Predicted Configuration and Stability of the ATAD2/SOX10 Complex Using Molecular Dynamics Simulations.

Abstract

ATAD2, a melanoma competence factor, forms a protein complex with SOX10 that facilitates expression of SOX10 developmental target genes. The complex enables a strong transcriptional response to oncogenes such as BRAFV600E and is sufficient to endow oncogenic competence to melanocytes. The elucidation of the ADAT2/SOX10 complex structure may facilitate the development of drugs that can block formation of the complex. We used the ClusPro web server for protein-protein docking to visualize and analyze the complex and GROMACS to perform molecular dynamics simulations. ClusPro protein docking analysis demonstrated the central position of ADAT2 in the ADAT2/SOX10 complex. Molecular dynamics simulations of ATAD2 docked to SOX10 suggest that ATAD2/SOX10 is not a stable structure.
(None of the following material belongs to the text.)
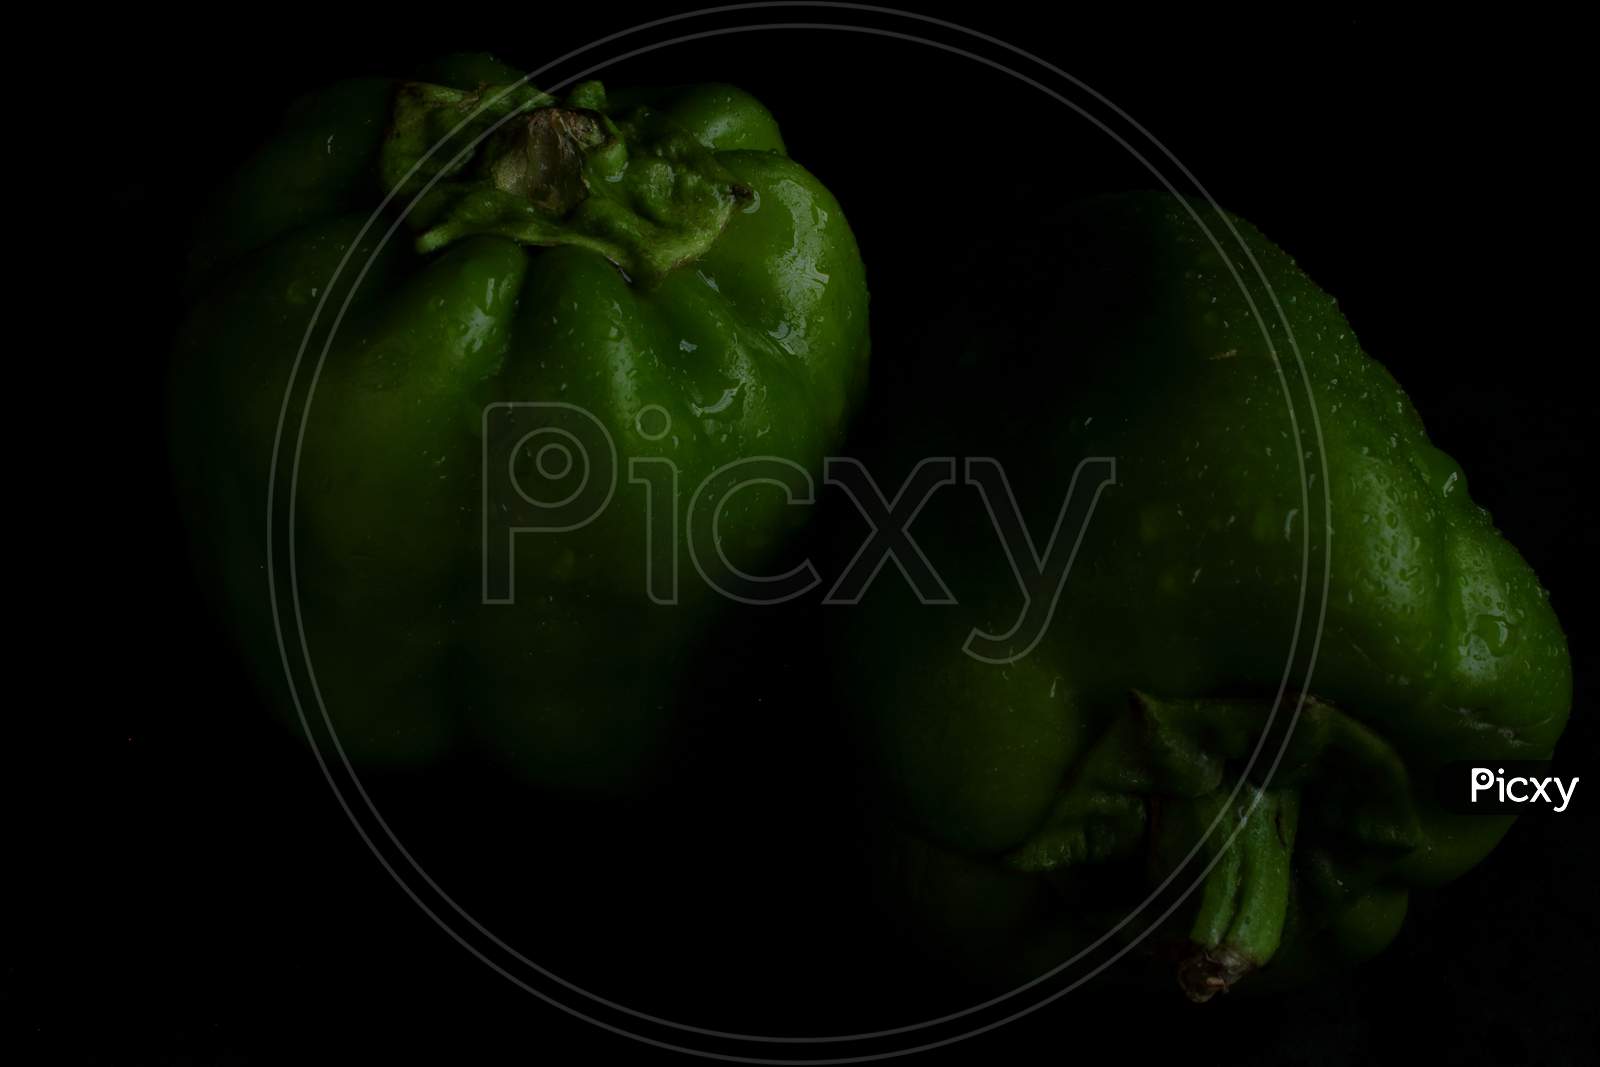 Green bell pepper on black backgound
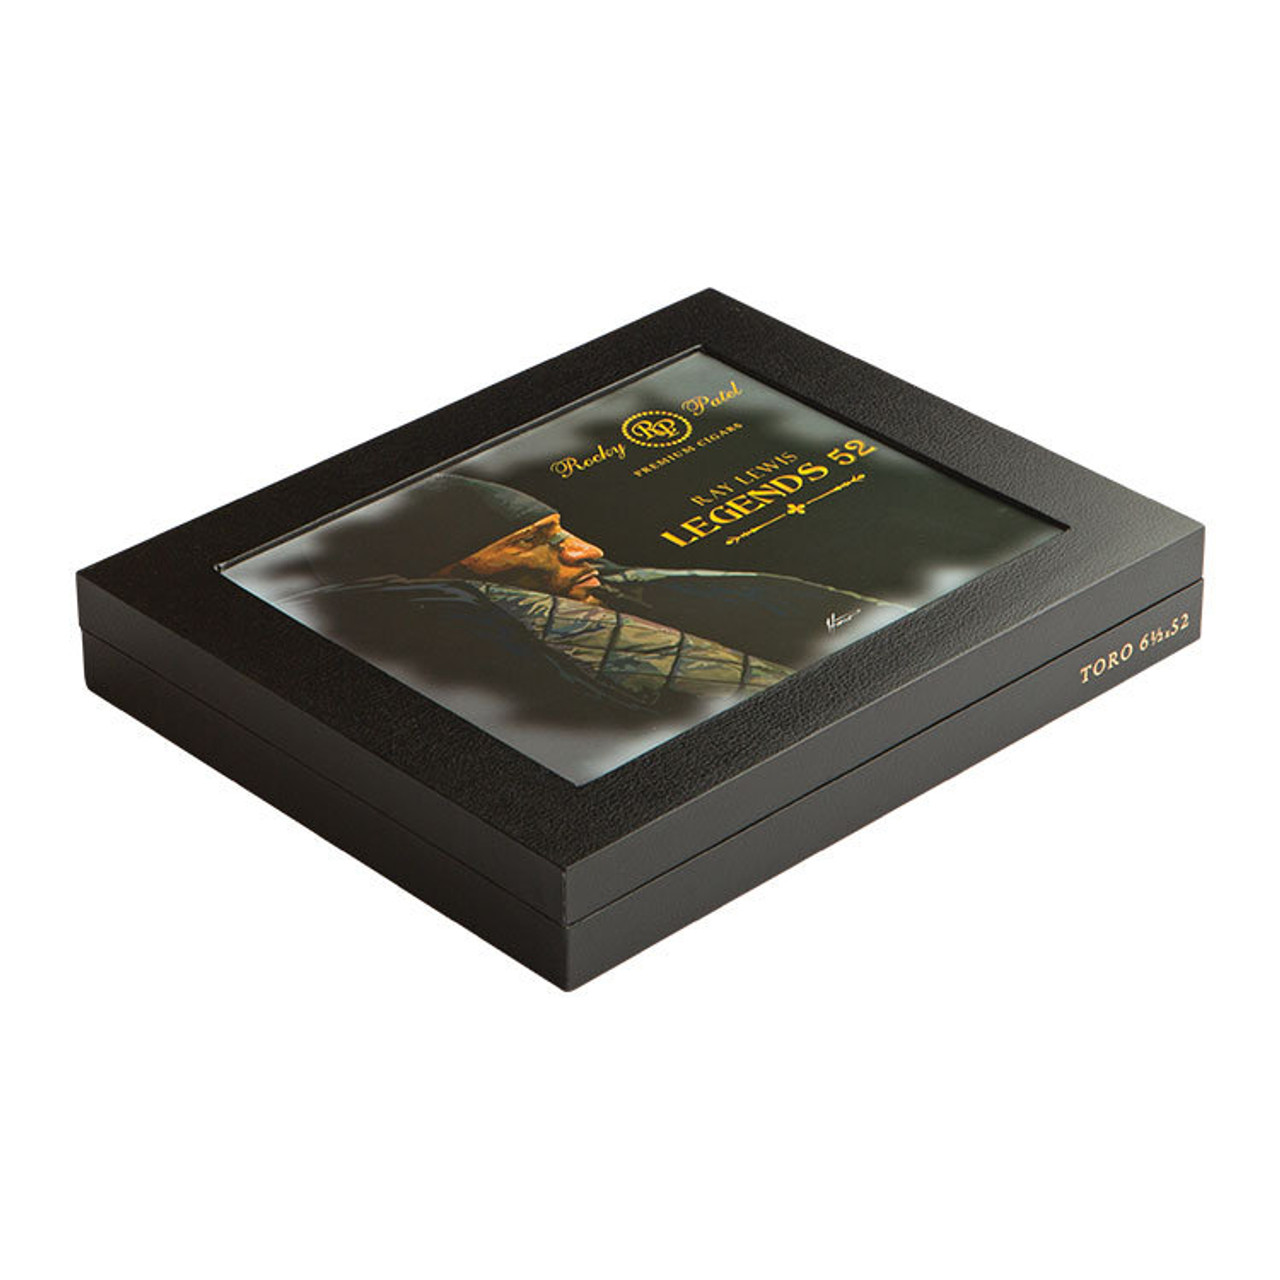 Rocky Patel Legends 52 Ray Lewis Toro Cigars - 6.5 x 52 (Box of 10) *Box

The central position of ADAT2 in the complex suggested that ADAT2 complexed to SOX10 may have the capability to modify multiple functions of the latter, one of which allows BRAFV600E to impart increased oncogenic function to melanocytes. The results of the molecular dynamics simulations imply that the ADAT2/SOX10 complex is not stable and might be disrupted by a therapeutic molecule, reducing the risk of melanoma. Knowledge of the ADAT2/SOX10 complex structure may facilitate the development of drugs that can block complex formation.